Закон и женщина.
Часть первая.
Глава IV. На обратном пути

Заявление о нарушении
авторских прав
Автор:Коллинз У. У., год: 1875
Категория:Роман


Предыдущая страницаОглавлениеСледующая страница

Глава IV. НА ОБРАТНОМ ПУТИ

Оставшись одни, мы с минуту молчали. Юстас заговорил первый.

-- В силах ты идти домой пешком? - спросил он. - Не пойти ли нам в Бродстерс, чтобы вернуться в Ремзгейт по железной дороге?
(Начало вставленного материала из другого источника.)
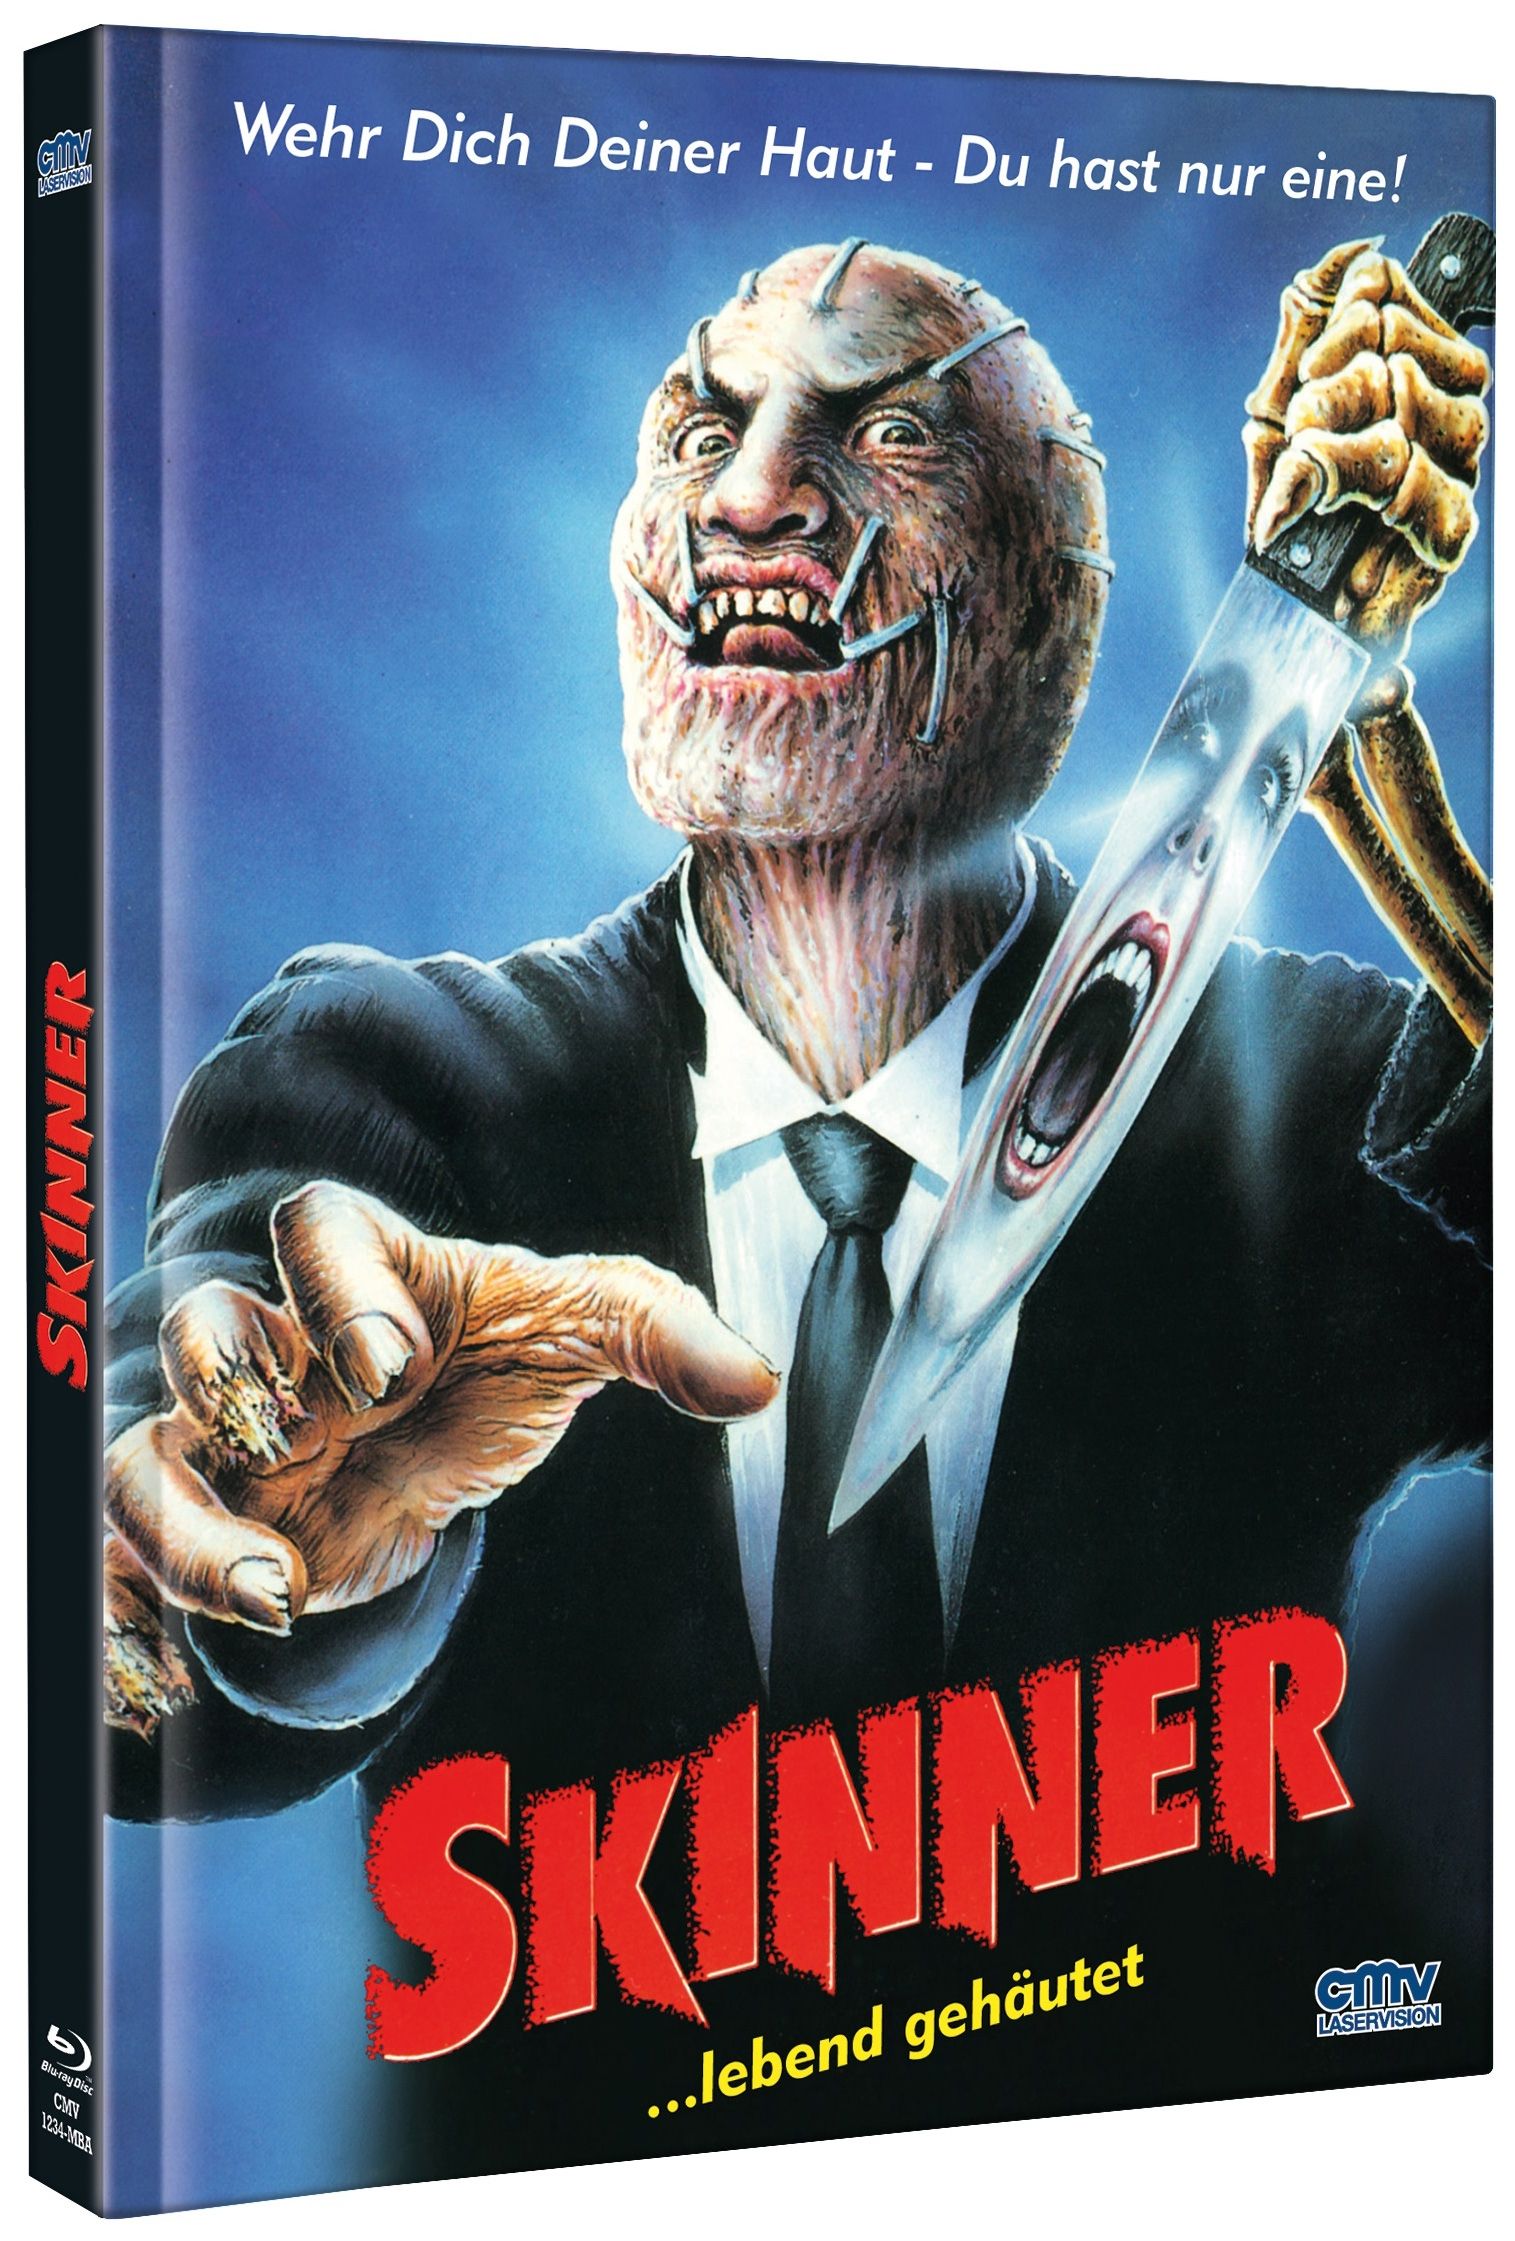 Skinner ...lebend gehäutet (Lim. Uncut Mediabook - Cover A) (DVD + BLURAY)

Он сказал это таким спокойным тоном, как будто не случилось ничего особенного. Но глаза и губы выдали его. Они показали мне, что в глубине души он испытывал сильное страдание. Что касается меня, только что случившаяся странная сцена вместо того, чтобы лишить меня последнего мужества, укрепила мои нервы и возвратила мне самообладание. Я была бы не женщиной, если бы странное поведение матери моего мужа не оскорбило моего достоинства и не раздражило моего любопытства до крайней степени. Почему она презирала его и жалела меня? Чем объяснить то, что мое имя не произвело на нее никакого впечатления? Почему она ушла от нас с таким видом, как будто одна мысль о том, чтобы остаться с нами, была нестерпима для нее? Разгадать эти тайны было теперь главной целью моей жизни. Идти пешком? Я была в таком лихорадочном возбуждении, что могла бы дойти пешком до конца света с условием, чтобы муж шел рядом со мной и я могла бы расспрашивать его.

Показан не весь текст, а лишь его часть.